Ou, inversamente, podemos dizer que o último é uma versão prévia e condensada do
primeiro. Ambos conformam um conjunto que, à primeira vista, pode ser tomado
como um livro de economia política. Mas não é. Expliquemos. Assim como Freud,
pretendendo com Totem e tabu escrever uma obra relevante à antropologia,
realizou um fato uma obra fundamental para a compreensão da função paterna na
constituição do psiquismo, George Bataille, ao pretender escrever um livro de
economia política, estabeleceu bases sólidas para pensar, em 1957, o conceito de
erotismo (conforme vimos anteriormente) como chave compreensiva da totalidade
(inacabada) do espírito humano.
Portanto, o leitor terá em mãos não um novo livro de economia política, mas um
consistente e provocador volume em que Bataille instaura a noção de “dispêndio
improdutivo” como fundamento do campo do humano. Tal noção de inutilidade,
engendrada pelo gasto, pela perda (de energia, de dinheiro etc.), efetuada de modo
ativo, e não por acidente, se confunde com a própria noção de erotismo
desenvolvida oito anos depois em O erotismo.
Bataille divide a atividade humana em dois campos; o gasto improdutivo, mais tarde
um equivalente do erotismo, localiza-se no segundo campo.

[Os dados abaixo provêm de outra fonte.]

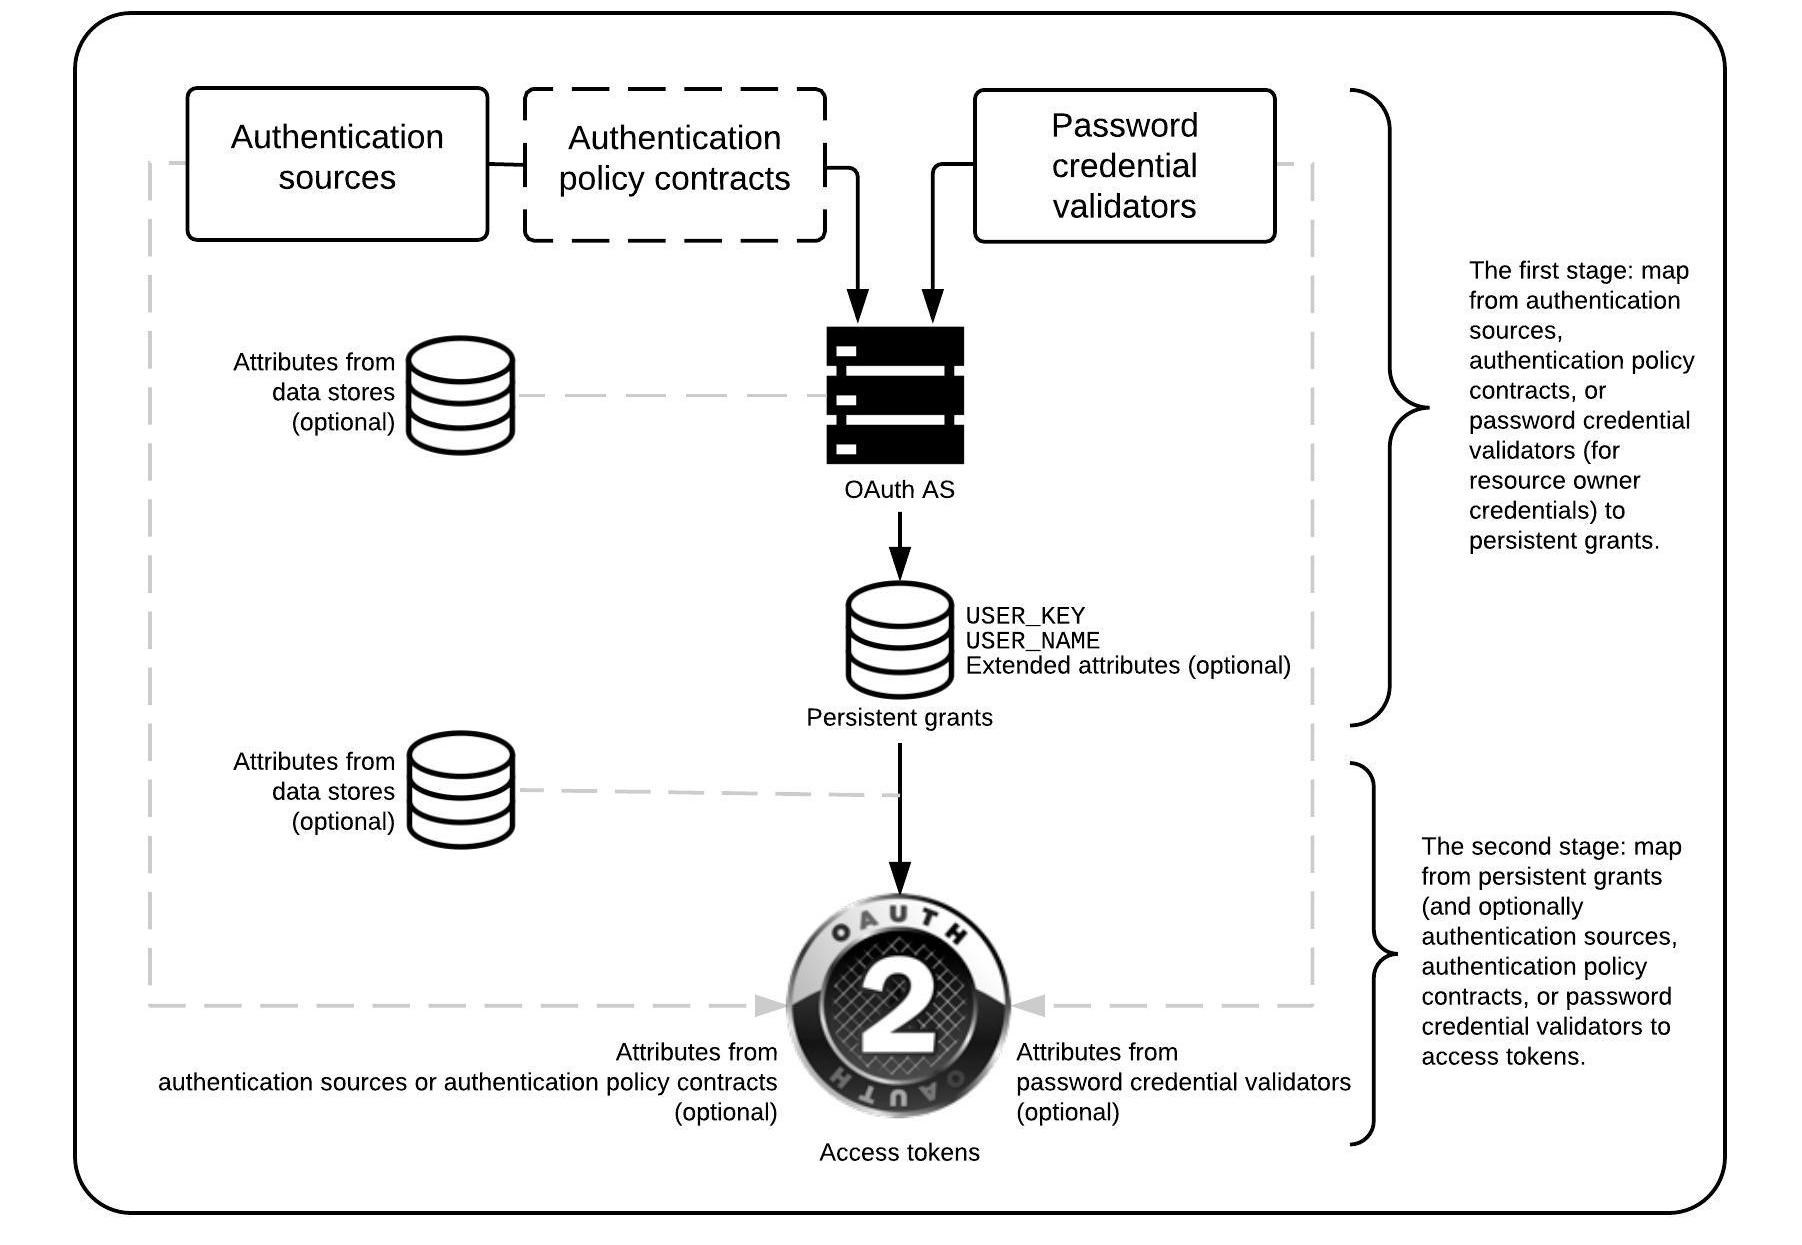 This figure depicts a common framework for how user attributes are mapped into OAuth tokens.

Por fim, ressaltamos que a parte maldita é constituída de uma parte teórica (que
ocupa quase metade do livro) e de quatro partes constituídas da articulação entre
teoria e “dados históricos”. Como esclarece o autor, o livro pretende abordar
questões gerais de economia de modo sumário, pois haveria um segundo volume,
que desenvolveria as questões sumariadas neste. Todavia, no lugar deste segundo
volume, Bataille escreveu, justamente, O erotismo, confirmando a impressão de sua
incursão por uma economia ao avesso, uma que aponta a produção e a acumulação
como secundárias com relação ao desperdício. Retroagindo a partir da leitura de O
erotismo, podemos afirmar que, mais do que qualquer outra coisa, Bataille visava
encontrar um campo de articulação de todas as questões fundamentais da
experiência e do espírito humanos. Esse campo é o do erotismo, o do corpo como
dispêndio improdutivo, exuberância, soberania dos excessos sobre toda forma social
de constituição de uma vida moderada, isto é, lamentável.